4. Sort the scores using the "sorted" command
5. Print the top 20 scores with their feature names

# Section 2: Classification Algorithms

One of the main tasks in supervised machine learning is classification. In this case, we will develop algorithms that will predict a question's tag based on the text of its answer.

The first step is to split our data into training, validation, and test sets. 

## Naive Bayes

[Naive Bayes classifers](http://scikit-learn.org/stable/modules/naive_bayes.html) classify observations by making the assumption that features are all independent of one another. Do the following:

1. Initialize a Naive Bayes classifier method with "MultinomialNB()"
2. Fit the model on your training data
3. Predict on the validation data and store the predictions
4. Use "np.mean" to calculate how correct the classier was on average
5. Calcualte the confusion matrix using "confusion_matrix," providing the true values first and the predicted values second.

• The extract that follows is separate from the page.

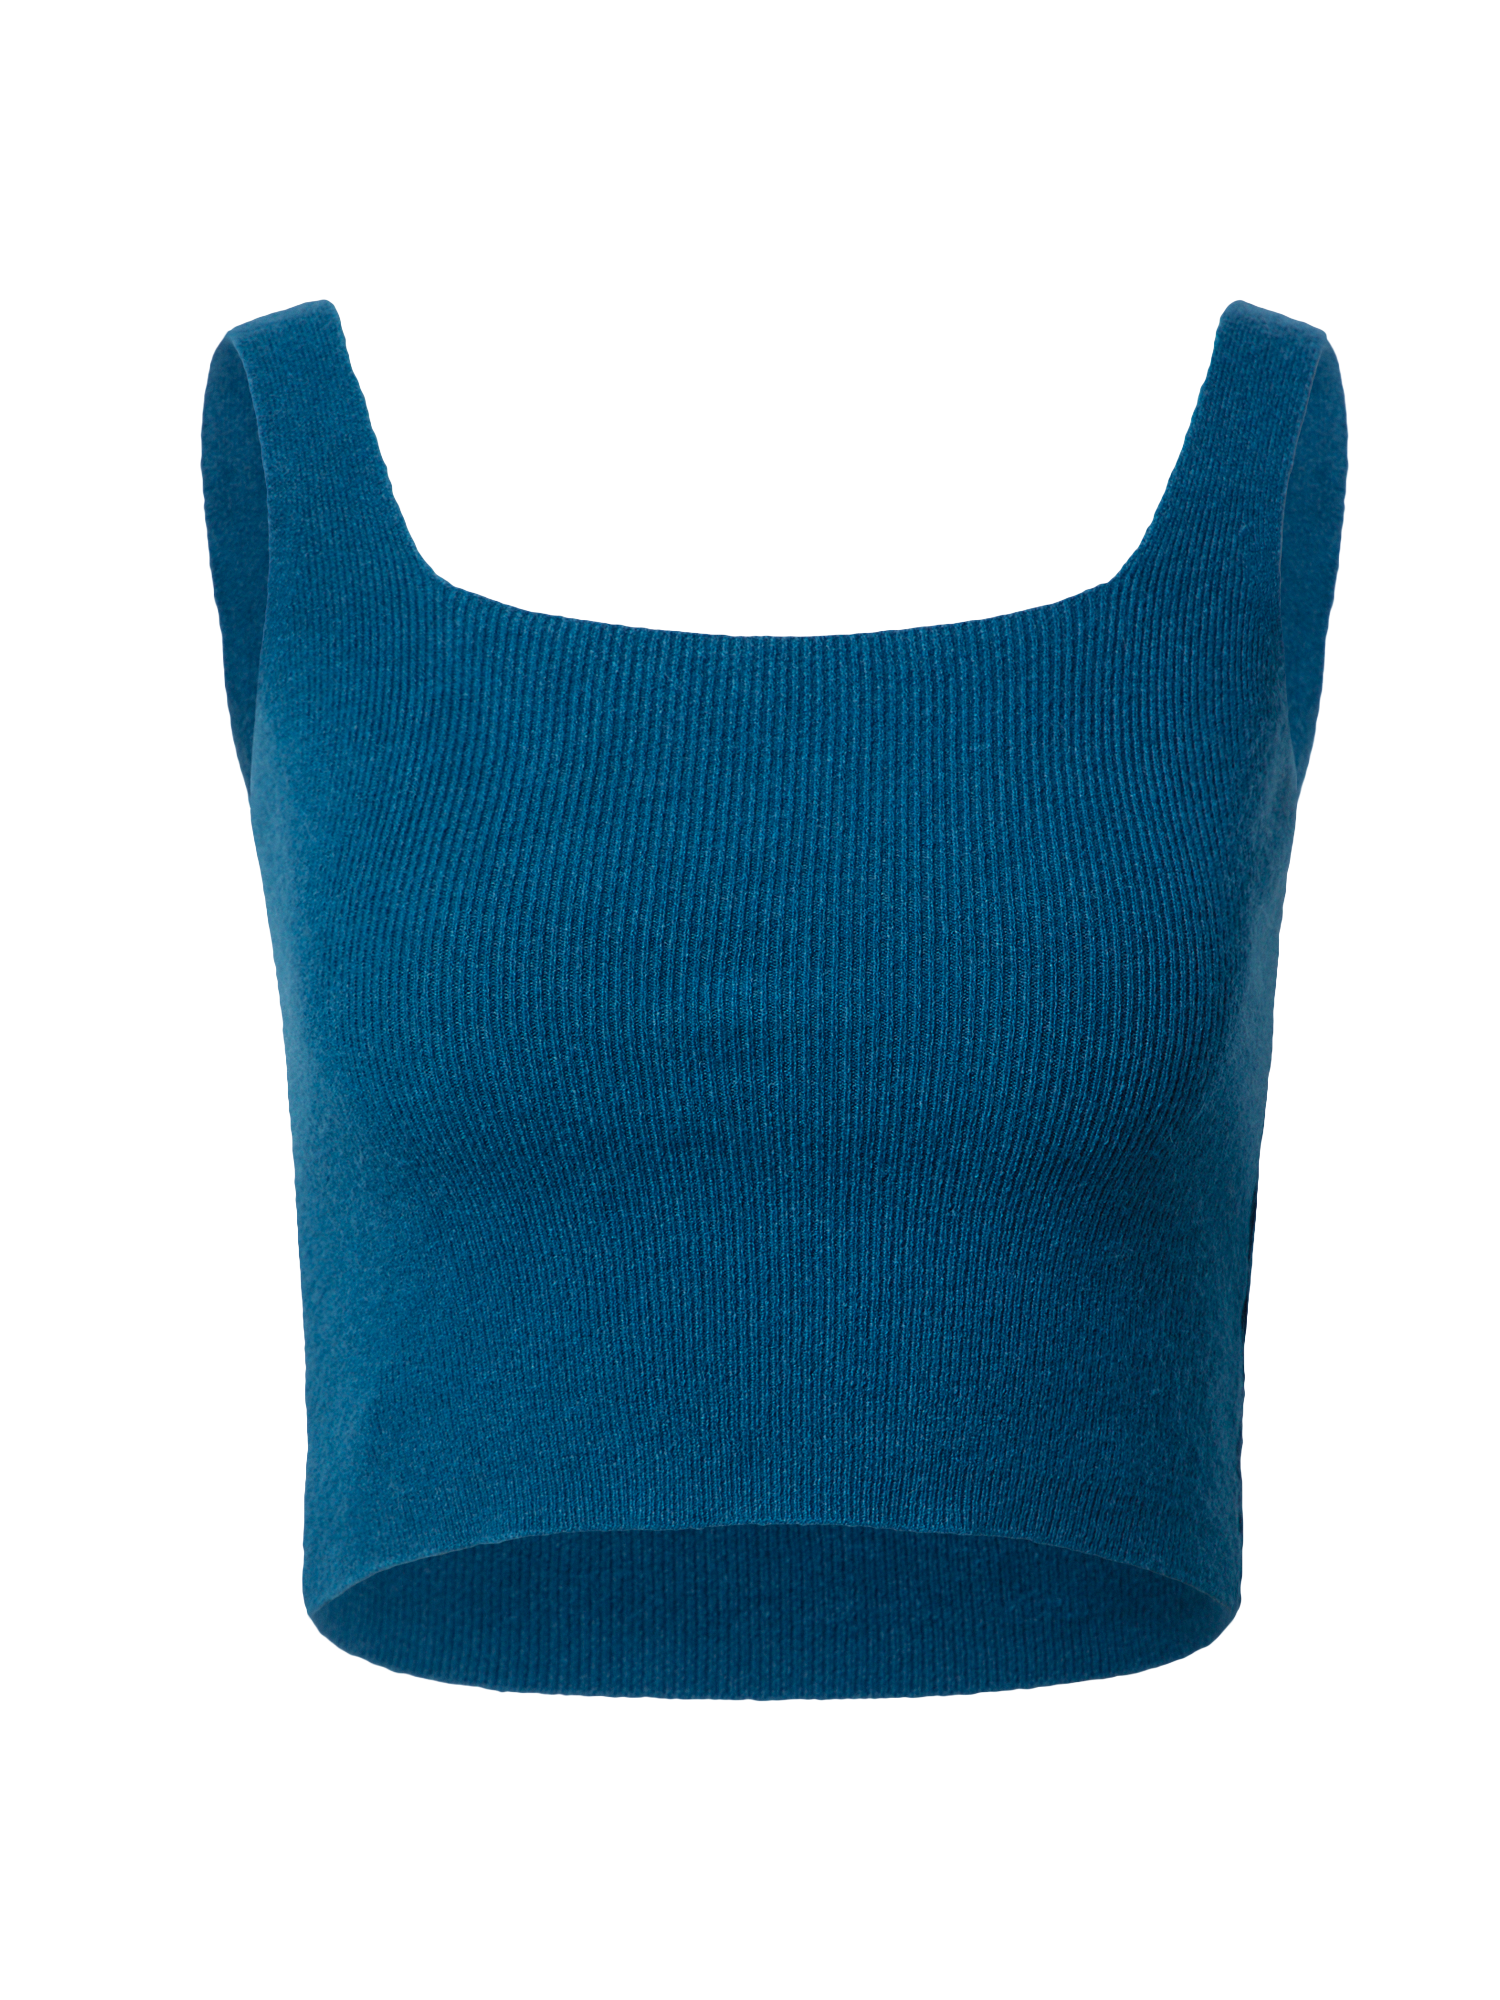 Odzież Koszulki & topy WAL G. Top SAMMY w kolorze Błękitnym

Let's plot the confusion matrix! Use the following code from the ["seaborn"](https://seaborn.pydata.org/generated/seaborn.heatmap.html) package to make a heatmap out of the matrix.

In [None]:
# Transform confusion matrix into a dataframe
nb_df_cm = pd.DataFrame(nb_cf_matrix, range(5),
                  range(5))

# Rename the column and row indices
nb_df_cm = nb_df_cm.rename(index=str, columns={0: "python", 1: "xml", 2: "java", 3: "json", 4: "android"})
nb_df_cm.index = ['python', 'xml', 'java', 'json', 'android']

# Plot the confusion matrix
plt.figure(figsize = (10,7))
sn.set(font_scale=1.4)#for label size
sn.heatmap(nb_df_cm, 
           annot=True,
           annot_kws={"size": 16})

plt.title("Naive Bayes Confusion Matrix")
plt.xlabel("Predicted Label")
plt.ylabel("True Label")
plt.show()

#### Question 3: Do you notice any patterns? Are there any patterns in misclassification that are worrisome?

## Multinomial Logistic Regression

Next, let's try [multinomial logistic regression](http://scikit-learn.org/stable/modules/generated/sklearn.linear_model.LogisticRegression.html)! Follow the same steps as with Naive Bayes, and plot the confusion matrix.

## SVM

Now do the same for a [Support Vector Machine](http://scikit-learn.org/stable/modules/generated/sklearn.svm.SVC.html).

#### Question 4: How did each of the classifiers do? Which one would you prefer the most?

## Test Final Classifier

Choose your best classifier and use it to predict on the test set. Report the mean accuracy and confusion matrix.